Review: Black Coffee

Cover image of "Black Coffee" by Agatha Christie and Charles Osborne

Black Coffee, (Hercule Poirot 7.5), Agatha Christie (stage play), Charles Osborne (novelization). William Morrow (ISBN: 9780061739323) 2004 (Stage play, 1930; Novelization, 1998).

Summary: Poirot is too late to help Sir Claud, who has been fatally poisoned and his secret formula stolen by someone in his household.

I like my coffee black. But I think I would pass were I visiting the home of Sir Claud Amory.

Black Coffee was actually Agatha Christie’s first stage play, overshadowed by the widely staged The Mousetrap. The play was moderately successful, playing in several theatres from December 1930 through June 1931. It also appeared as a film version in 1931. Among those over the years who played the suspicious Italian Dr. Carelli was Charles Osborne. Forty years later he approached the Christie Estate with a proposal to novelize the stage play. This book, published in 1998, was the result.

Sir Claud Amory reaches out to Poirot for help. He is working on an atomic formula that would create a powerful weapon. He suspects someone in his house wants to steal it. Before Poirot arrives, he finds the formula missing. He stages an elaborate effort to recover the formula at a dinner party with members of the household and guests. He locks them into the library. After coffee is served, he tells them the lights will be turned off, the thief can return the formula, and life will go on. Then he drinks his coffee, the lights go out and come on just as Poirot arrives.

An envelope is by his side. But Sir Claud is very dead. And the envelope is empty.

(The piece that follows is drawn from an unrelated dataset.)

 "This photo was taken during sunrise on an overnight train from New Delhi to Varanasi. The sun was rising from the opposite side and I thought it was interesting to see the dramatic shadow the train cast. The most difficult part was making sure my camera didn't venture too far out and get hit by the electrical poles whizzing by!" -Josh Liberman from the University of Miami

The authorities ask the guest to remain. Beside servants, there is Sir Claud’s sister Caroline, his spirited niece Barbara, his son Richard, who is in financial straits, Richard’s wife, Lucia, who he recently married in Italy, Sir Claud’s efficient secretary Edward Raynor, and Dr. Carelli, ostensibly Lucia’s friend. Instead, he is blackmailing her, threatening to reveal her past.

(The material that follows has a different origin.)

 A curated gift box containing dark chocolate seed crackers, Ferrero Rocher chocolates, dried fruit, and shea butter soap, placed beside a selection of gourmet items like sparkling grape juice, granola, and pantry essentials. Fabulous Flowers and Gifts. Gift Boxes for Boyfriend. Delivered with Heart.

Poirot is accompanied by Captain Hastings. Soon they learn that someone used hyoscine to poison Sir Claud’s coffee, explaining the bitterness he complained of when drinking it. Suspicion focuses on Lucia, who had been seen taking some tablets from a medicine box they had been looking at earlier in the evening. She had served the coffee. And there was her past. She was the daughter Selma Goetz, an international spy. She had tried to keep this secret from the family but Dr. Carelli knew and Sir Claud had received a cryptic warning about her as well.

Poirot knows she isn’t the murderer, nor her husband, who confesses to protect her. Eventually he sets a trap to catch the thief and murderer. But the murderer turns the tables, using the same poison in Poirot’s drink.

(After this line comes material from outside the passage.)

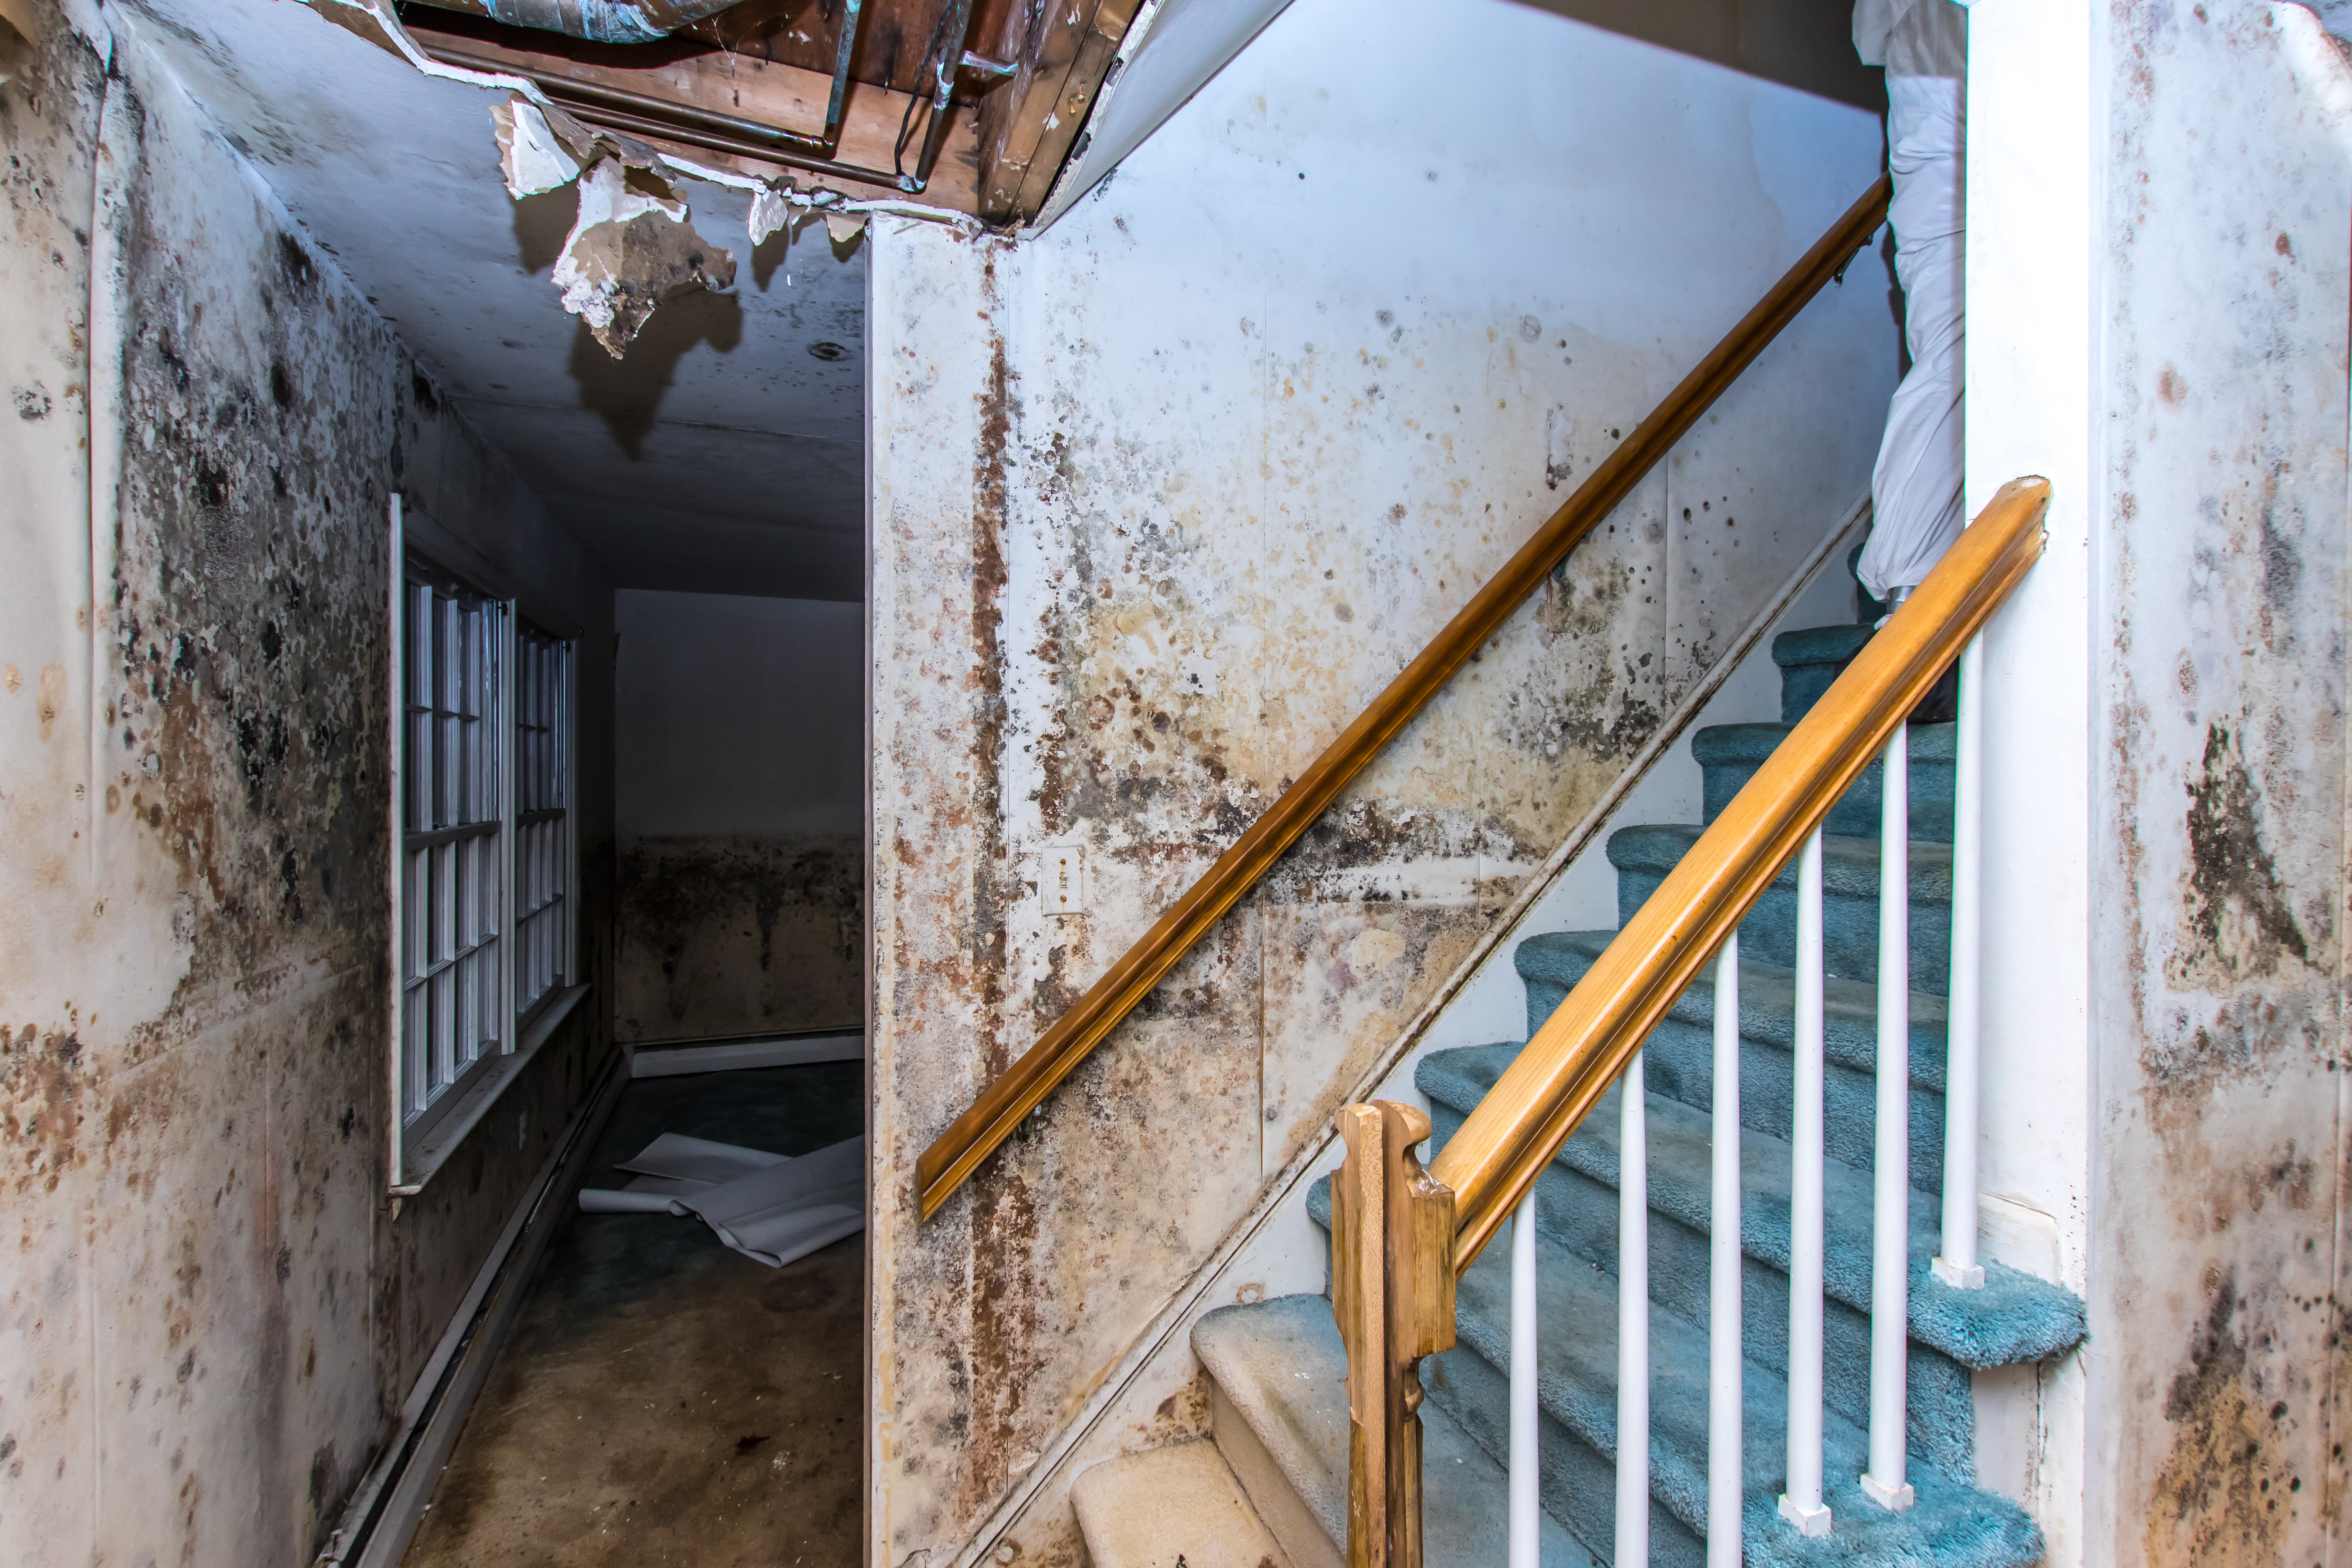 Three Common Causes of Toxic Building Mold

This is a short piece, and while a bit formulaic, makes for a diverting read. It makes sense that this was a stage play. All the action takes place in the library. The character of Poirot is consistent with the other novels. Although the stage play preceded the nuclear age, the story also raises the question about the morality of such super weapons. Although this is not up to the standard of The Murder of Roger Ackroyd and And Then There Were None, any Christie and Poirot lovers will want to read this, particularly to learn the plot of Christie’s first stage play.